We expect that chair power will be associated with gender, specifically that women chairs will tend to have less power. There is a vast organizational literature on the marginalization of women and the particular barriers women face when assuming leadership positions, including, among many others, sex role stereotyping (Schein 1975; Ely 1995), inferior or nonexistent mentoring (Noe 1988; Feeney and Bozeman 2008), and less expansive and dense social network ties (Brass 1985; Solomon et al. 1986). We see no obvious reason why universities should have vastly different sex role-power dynamics than other managerial settings and, moreover, the few studies (e.g. Carroll 1991; Wolverton et al. 1994) examining gender and sex roles related to university administration seem consonant with studies conducted in other settings.

Hypothesis 4

Women department chairs will tend to have lower levels of power than men.

Among the control variables we expect to be particularly important, department size stands out. In all likelihood the size of the department affects much of its governance and resource processes and there are good reasons to expect that decision autonomy will in part be a function of size (measured here in terms of the number of doctoral graduates). We also employ field disciplines as controls.

Finally, the time-as-chair control effects likely prove complicated. In general, we expect that those who have served longer as chair, in the incumbent position, will have more power (Singh and Harianto 1989; Brown and Moshavi 2002). However, this expectation is possibly mitigated by the fact that older persons will, of course, have had the ability to serve longer as will those who have been tenured for longer (assuming that for most chair positions, tenure is a prerequisite). Thus, we must control for professional age, which is calculated from the year of the earned doctorate.

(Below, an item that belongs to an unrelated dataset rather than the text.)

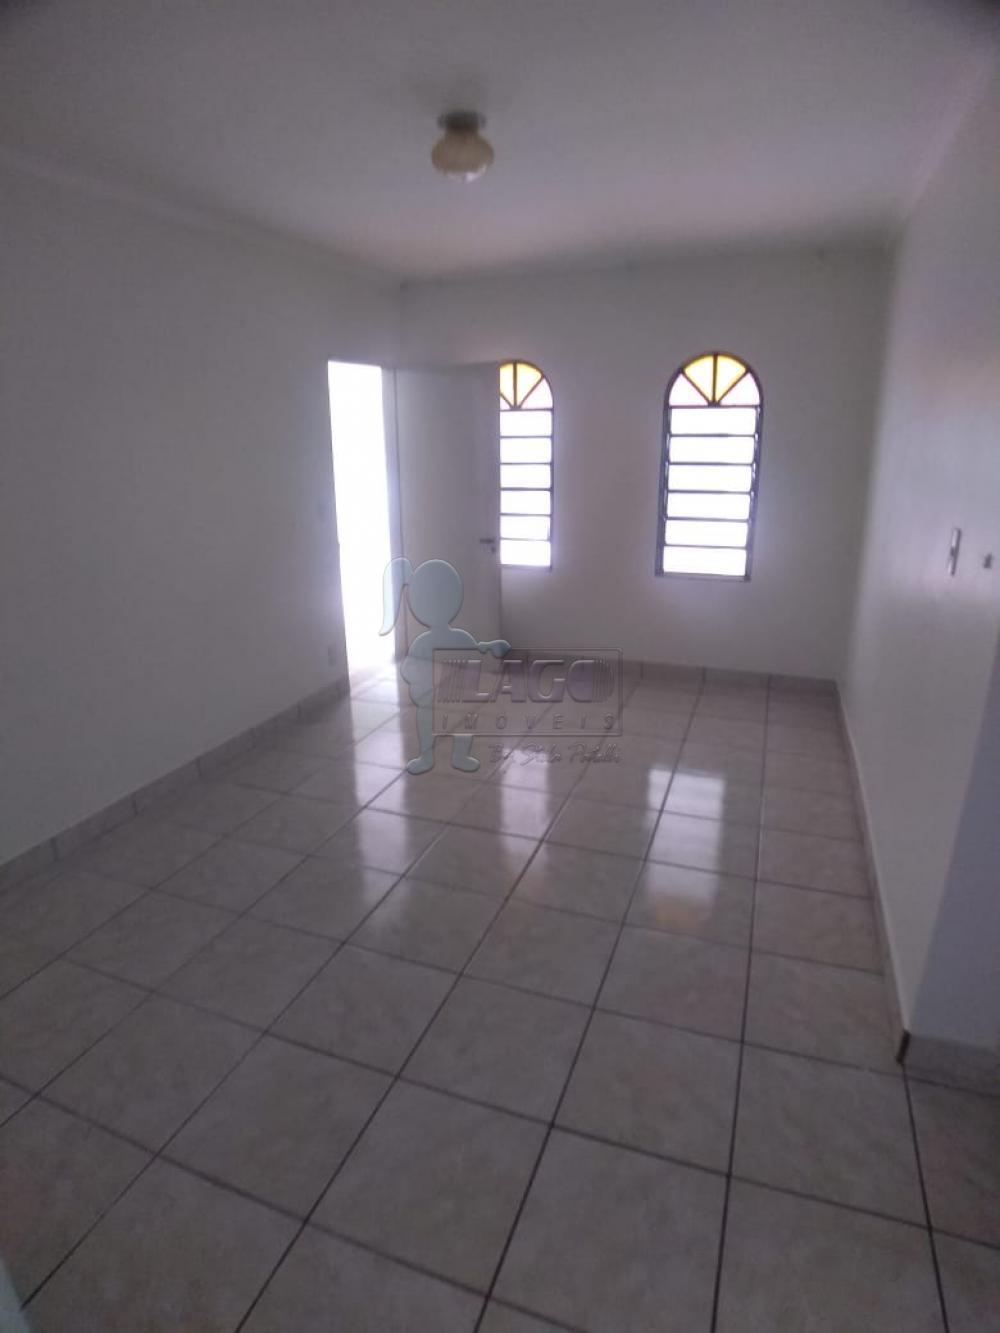 Comprar Casas / Padrão em Ribeirão Preto apenas R$ 335.000,00 - Foto 3

Hypotheses: Implications of Power for Strategic Choice

While it is not necessarily the case that chairs’ level of power affects strategic choice, it is certainly the case that power affects strategy in most other managerial realms (for an overview of the research on this topic see Bourgeois 1980; Hambrick 1981; Oliver and Holzinger 2008). While research on the relationship between power and strategy in universities tends to be more anecdotal and historical (e.g. Trow 1985; Buckland 2009), the literature is consistent in its claims that power matters to strategy (Rayner et al. 2010).

Since there is remarkably little research focused on the relationship of power to particular strategic choices of universities’ departments and department chairs, the next hypotheses are to a large extent intuitive. Work in management, which is quite relevant to the hypotheses developed above for power determinants, is generally not as relevant here simply because so many of the strategic choices are specific to the higher education sector.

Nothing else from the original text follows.